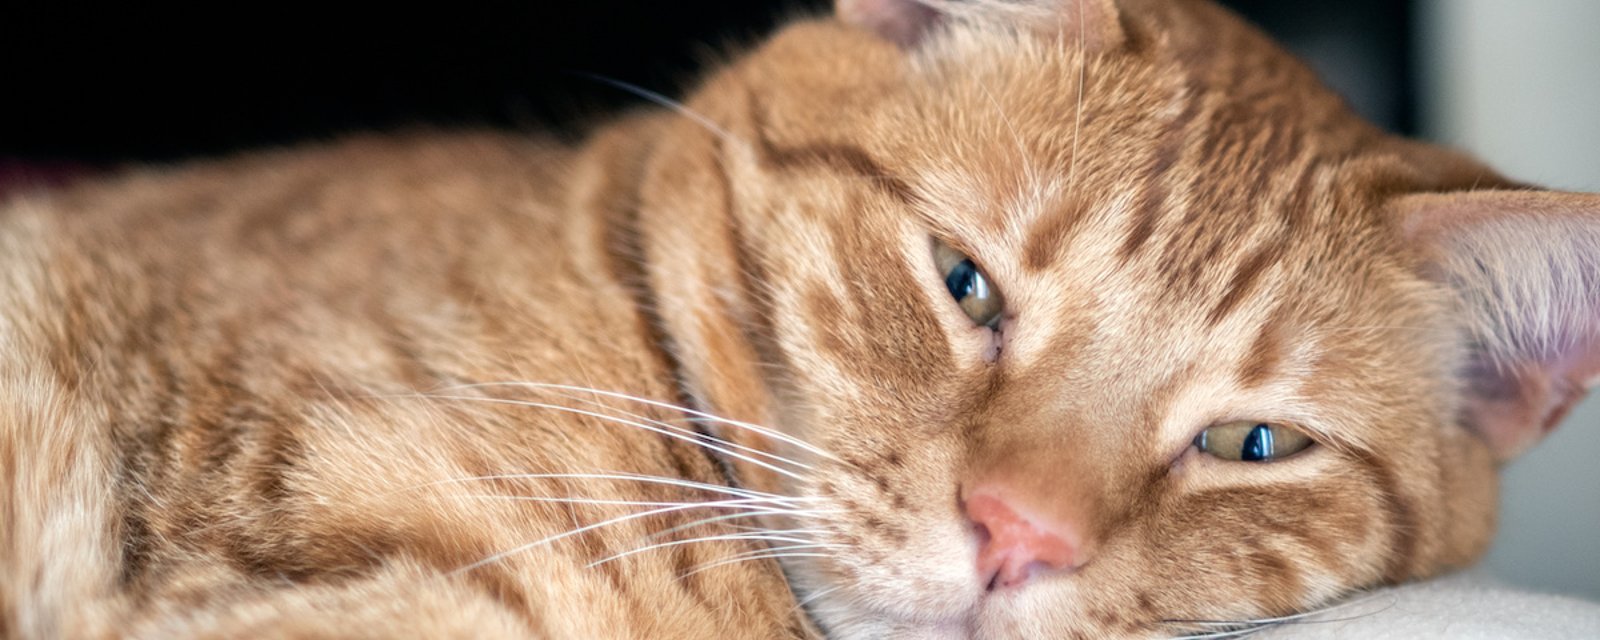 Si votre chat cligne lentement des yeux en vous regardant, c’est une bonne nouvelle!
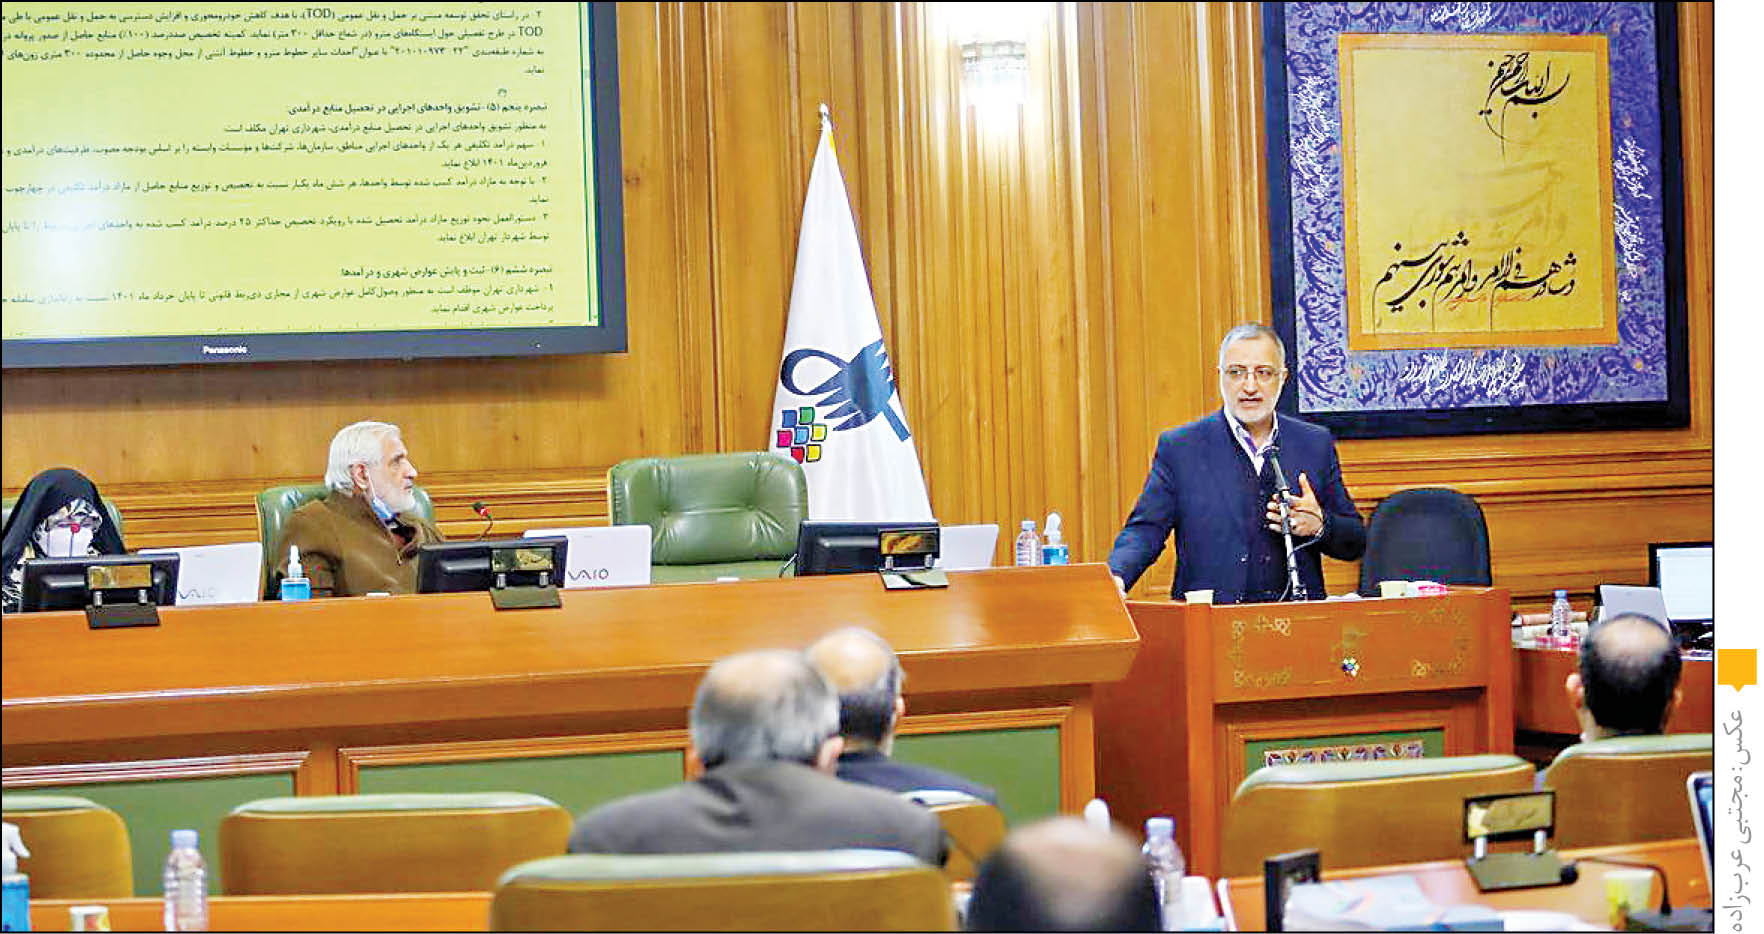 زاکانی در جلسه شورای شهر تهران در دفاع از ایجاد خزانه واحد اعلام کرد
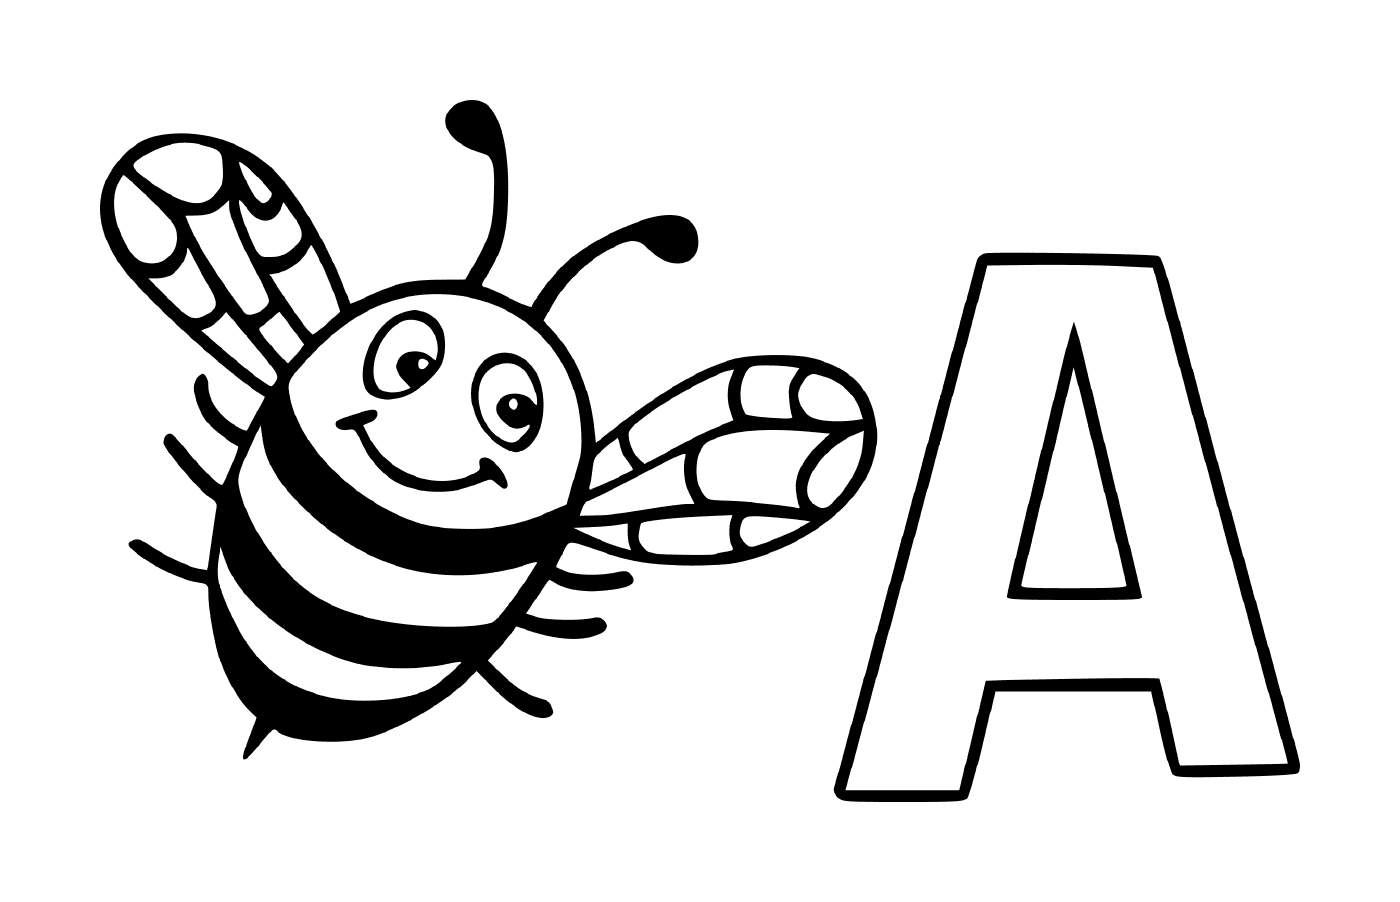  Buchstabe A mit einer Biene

» Task goal
Set down the material above word for word and skip its pictures.

» Task result
 Si votre chat cligne lentement des yeux en vous regardant, c’est une bonne nouvelle!
 زاکانی در جلسه شورای شهر تهران در دفاع از ایجاد خزانه واحد اعلام کرد
  Buchstabe A mit einer Biene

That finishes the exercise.